## TASK OBJECTIVE
Once the pictures are set aside, reproduce the remaining data exactly.

## SOURCE DATA
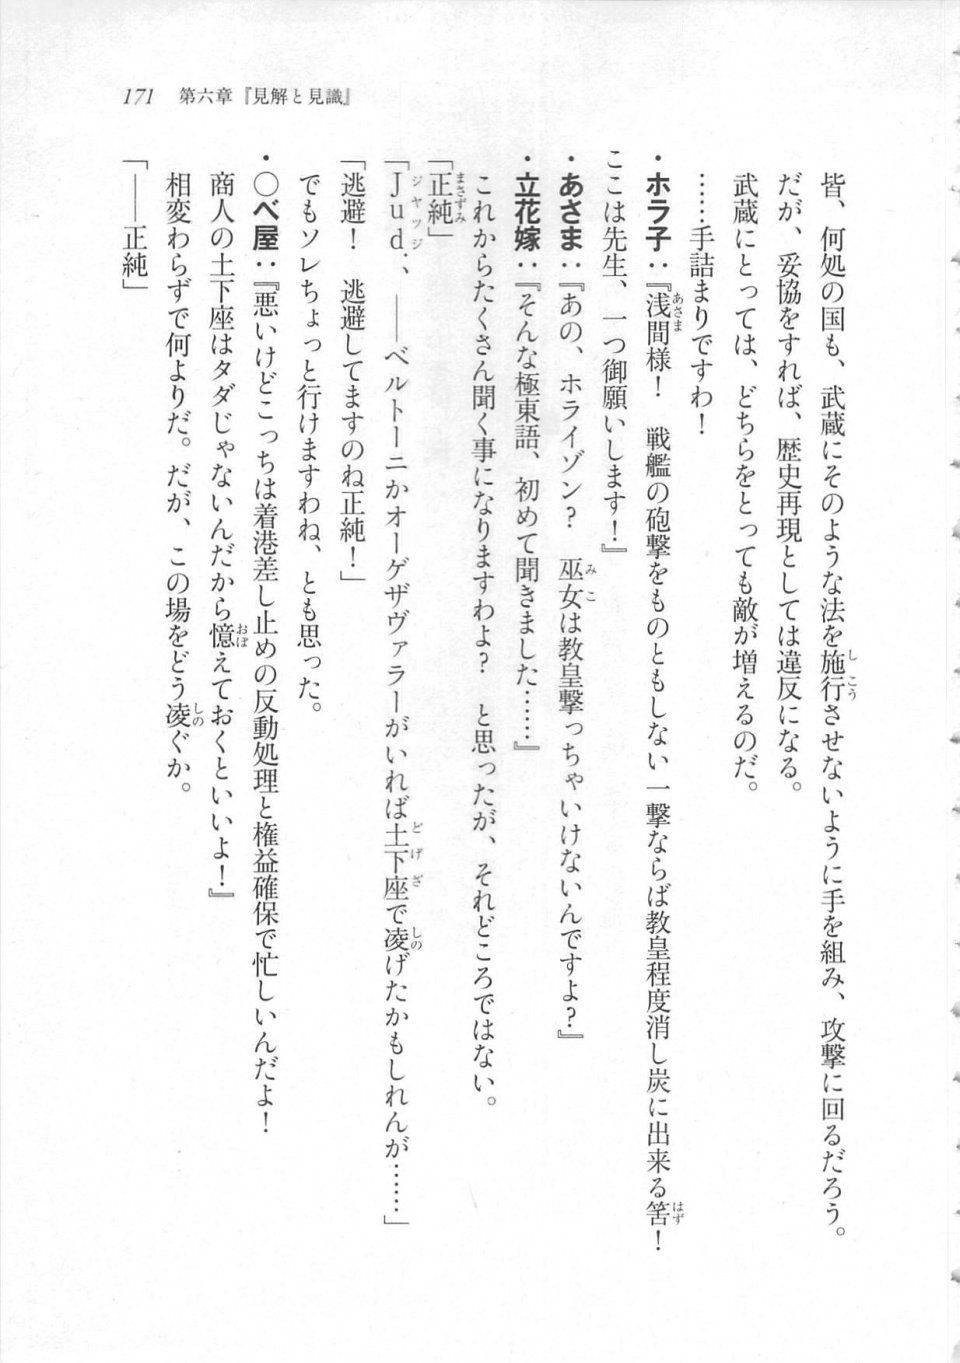 Kyoukai Senjou no Horizon LN Sidestory Vol 3 - Photo #175
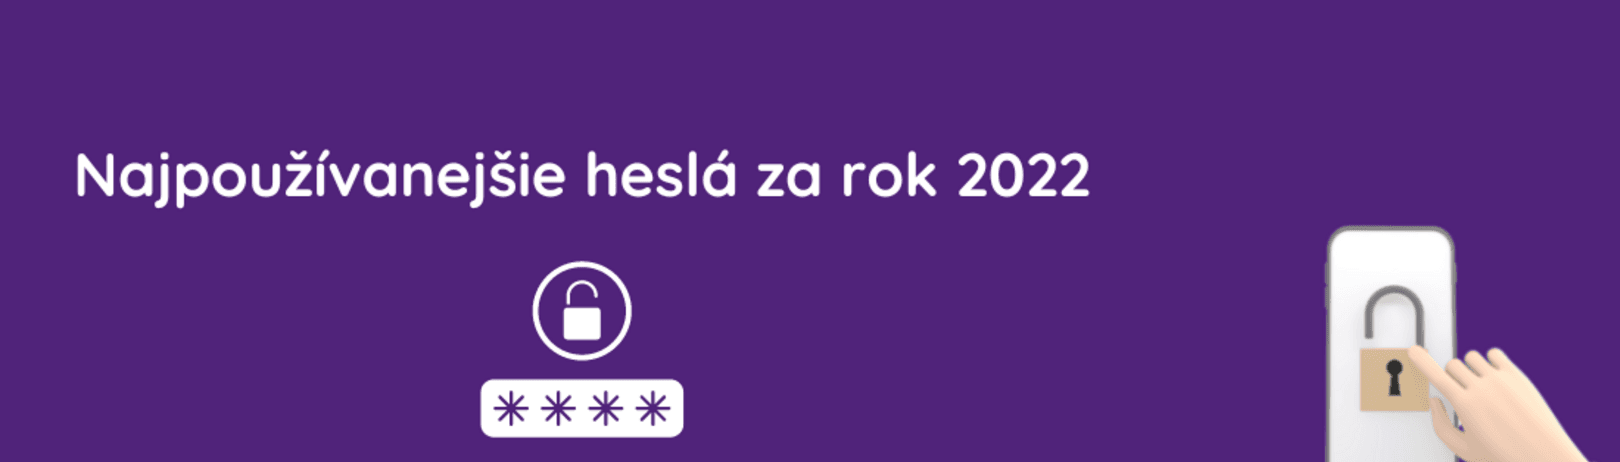 Najpoužívanejšie heslá za rok 2022
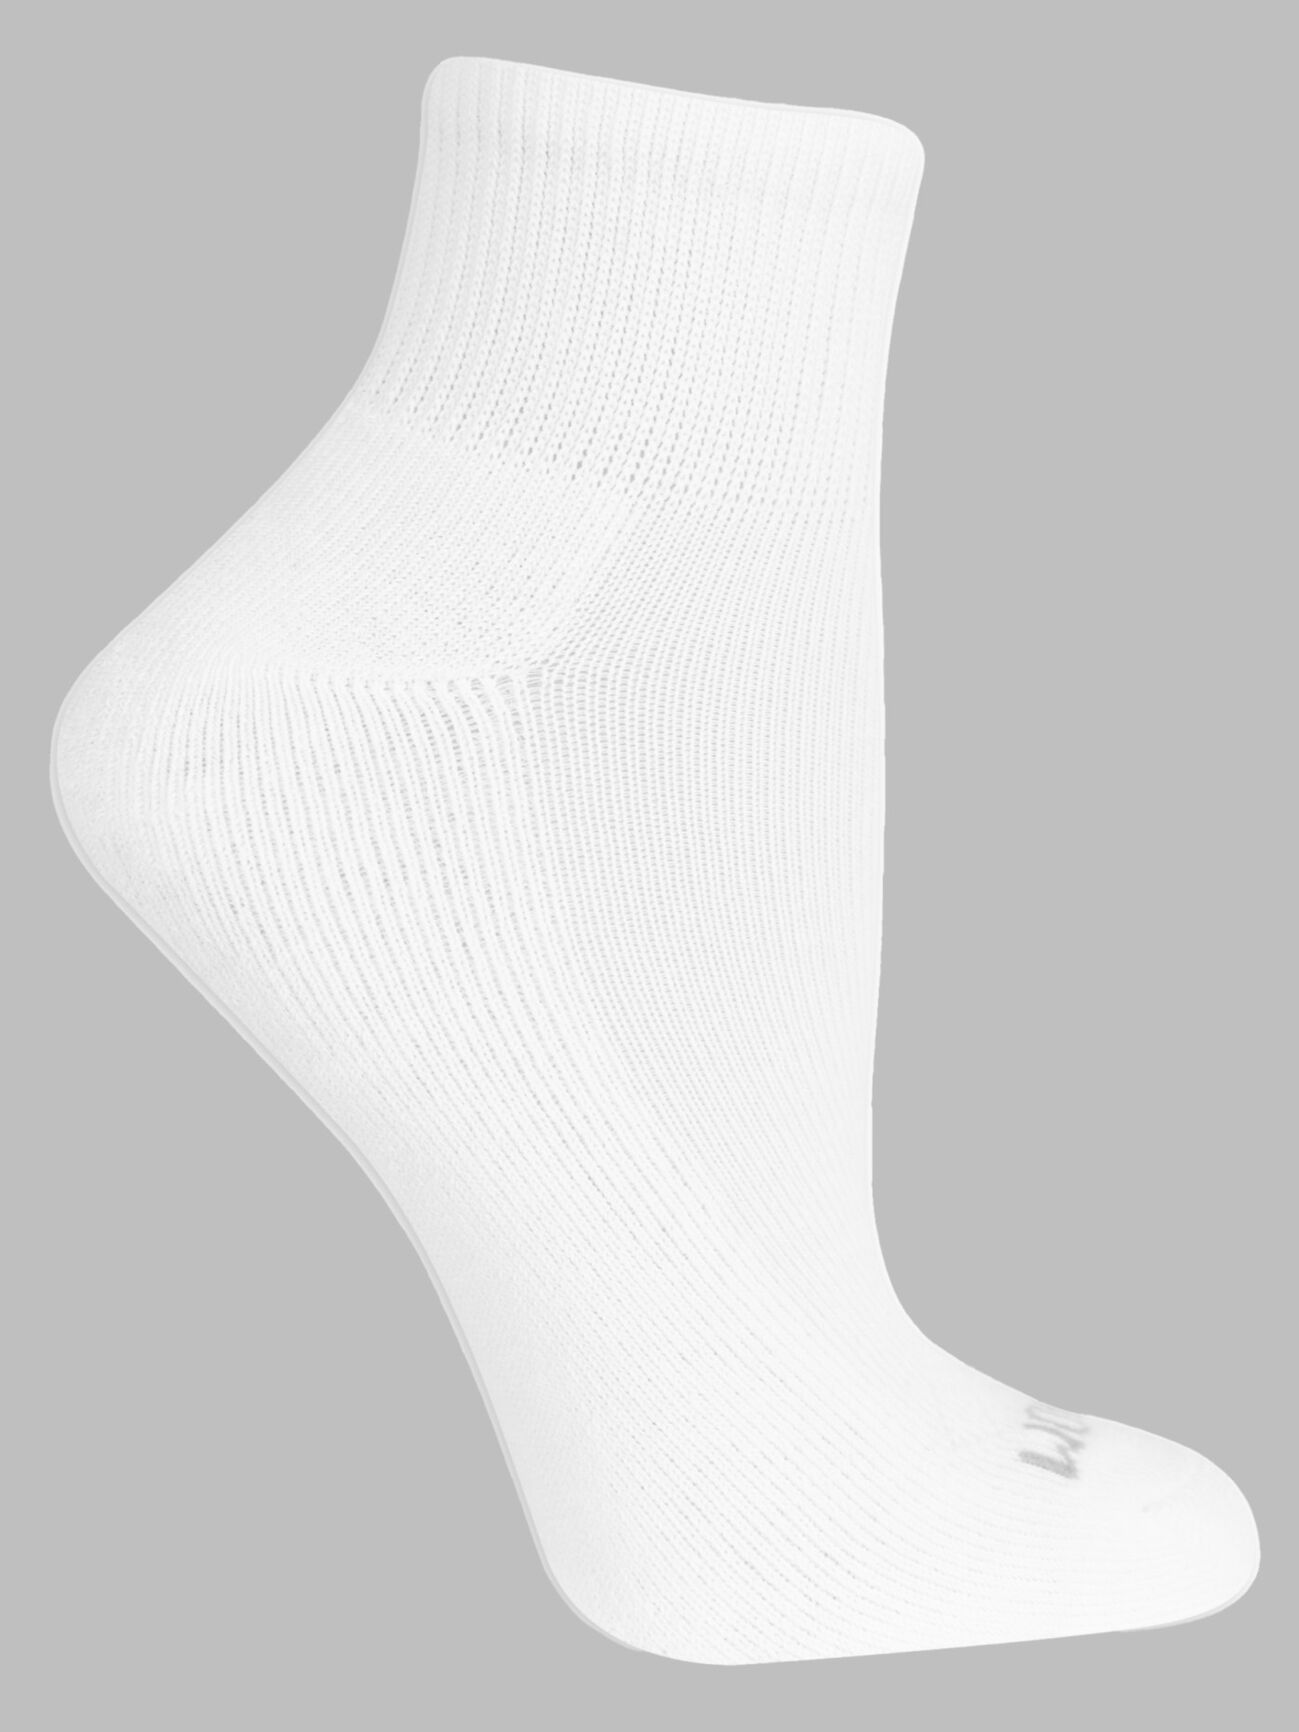 Fruit Of The Loom - Women's 6 Pack Non-Slip Sock (FRW10298T6 AST01)

## TASK ANSWER
 Kyoukai Senjou no Horizon LN Sidestory Vol 3 - Photo #175
 Najpoužívanejšie heslá za rok 2022
 Fruit Of The Loom - Women's 6 Pack Non-Slip Sock (FRW10298T6 AST01)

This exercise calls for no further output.